Using the model in ctransformers
Hey bartowski,
I am trying to use your quantized version in ctransformers but I can't get it to load correctly.
from ctransformers import AutoModelForCausalLM
try:
llm = AutoModelForCausalLM.from_pretrained(
"bartowski/Llama-3.1-SauerkrautLM-8b-Instruct-GGUF",
model_file="Llama-3.1-SauerkrautLM-8b-Instruct-Q6_K_L.gguf",
model_type="llama",
gpu_layers=0,
context_length=2048
)
print("Model loaded successfully")
except Exception as e:
print(f"Error loading model: {e}")
This will keep throwing: "RuntimeError: Failed to create LLM 'llama2' from '/home/jovyan/.cache/huggingface/hub/models--bartowski--Llama-3.1-SauerkrautLM-8b-Instruct-GGUF/blobs/7a5b0d4528966fd00dd378b8edf40e96dd65e839078feac7d4f4ab383fbe551b'."

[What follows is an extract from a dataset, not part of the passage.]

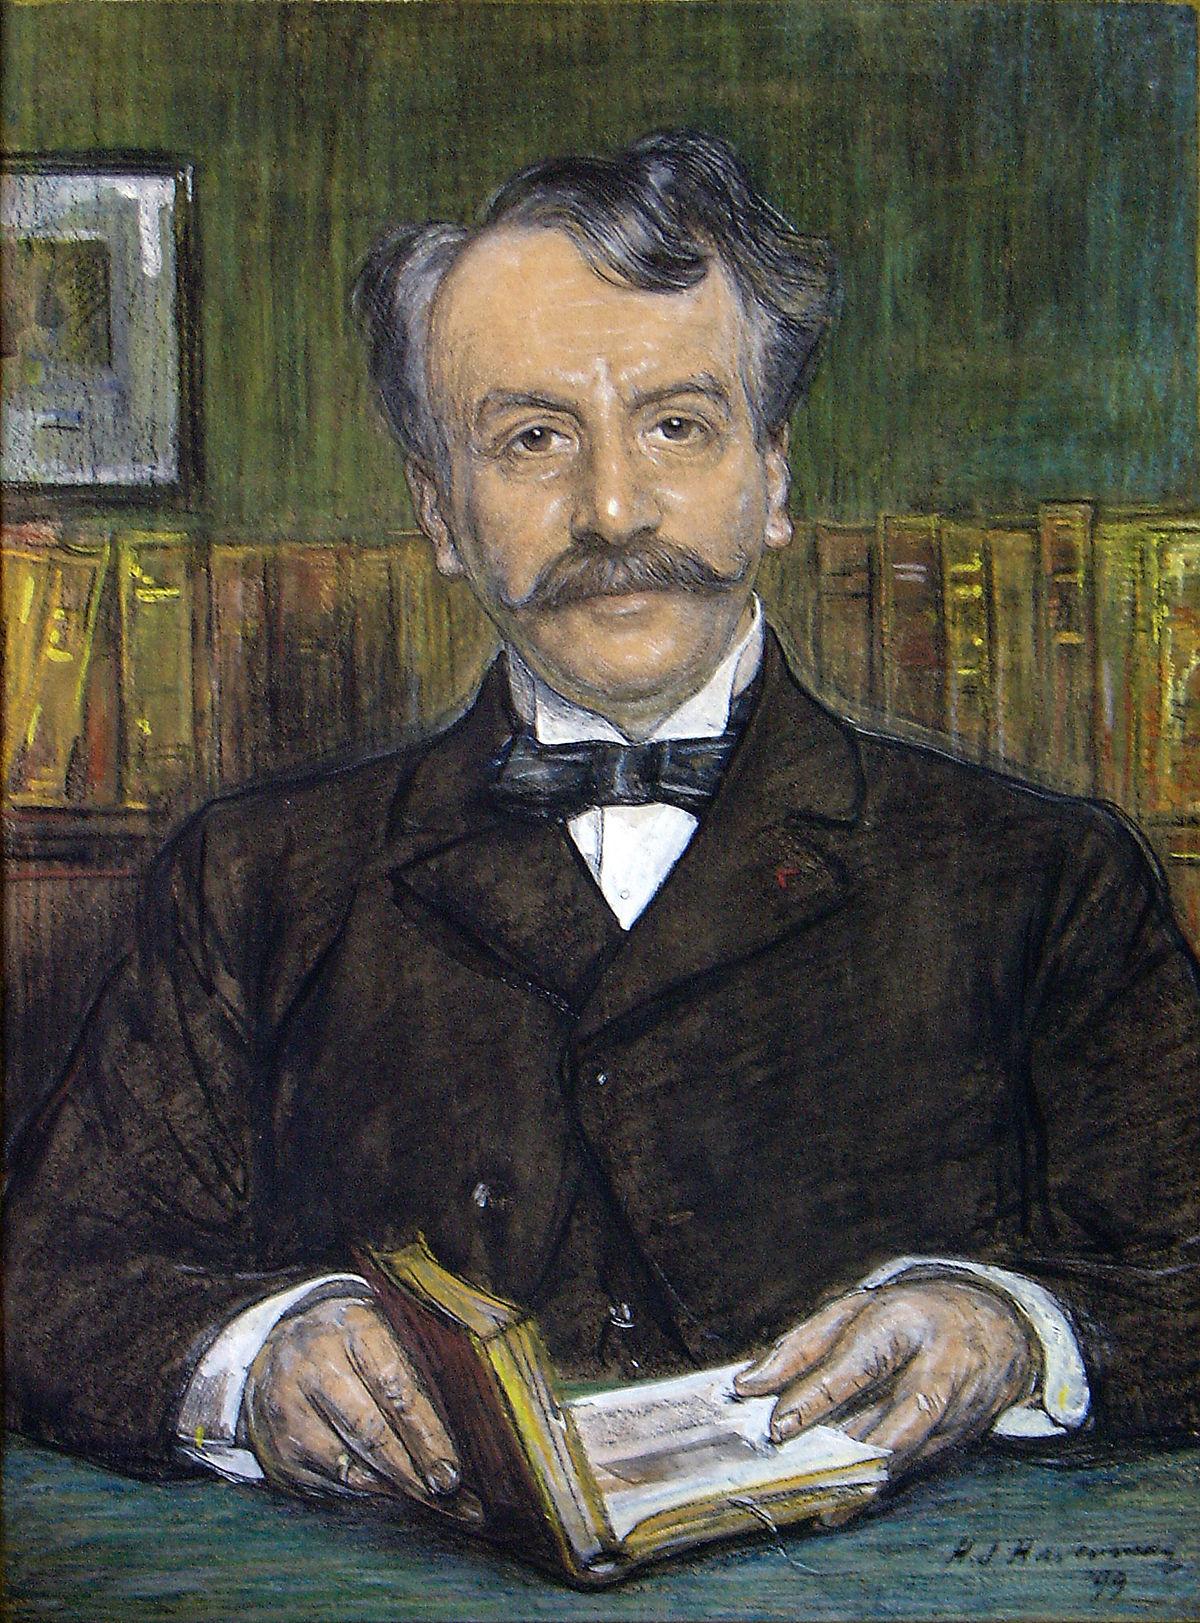 Lezing Anton Gerard van Hamel (1842-1907), de grondlegger van de Alliance Française in Nederland
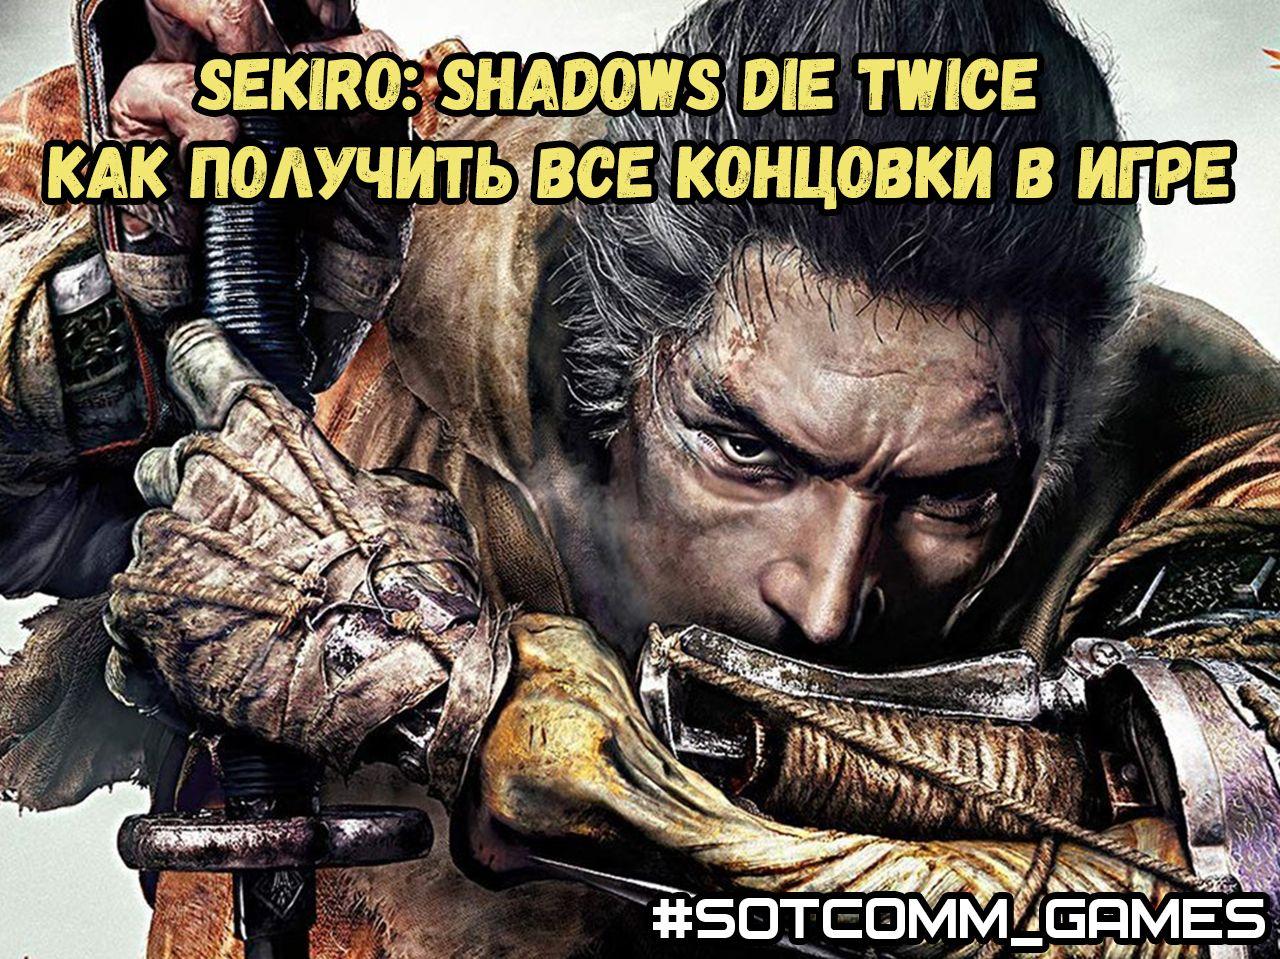 Sekiro: Shadows Die Twice - Как получить все концовки в игре

So, the model_type seems to be the issue.
It throws the same for "llama2", "llama3" and None. Google and Copilot could not help me.
What do I have to use a model type?
Thanks!
it's possible ctransformers was never updated with llama3 support as there haven't been any commits to it since september of last year :(
maybe try llama-cpp-python?
All right, thanks for the quick reply. I'll try!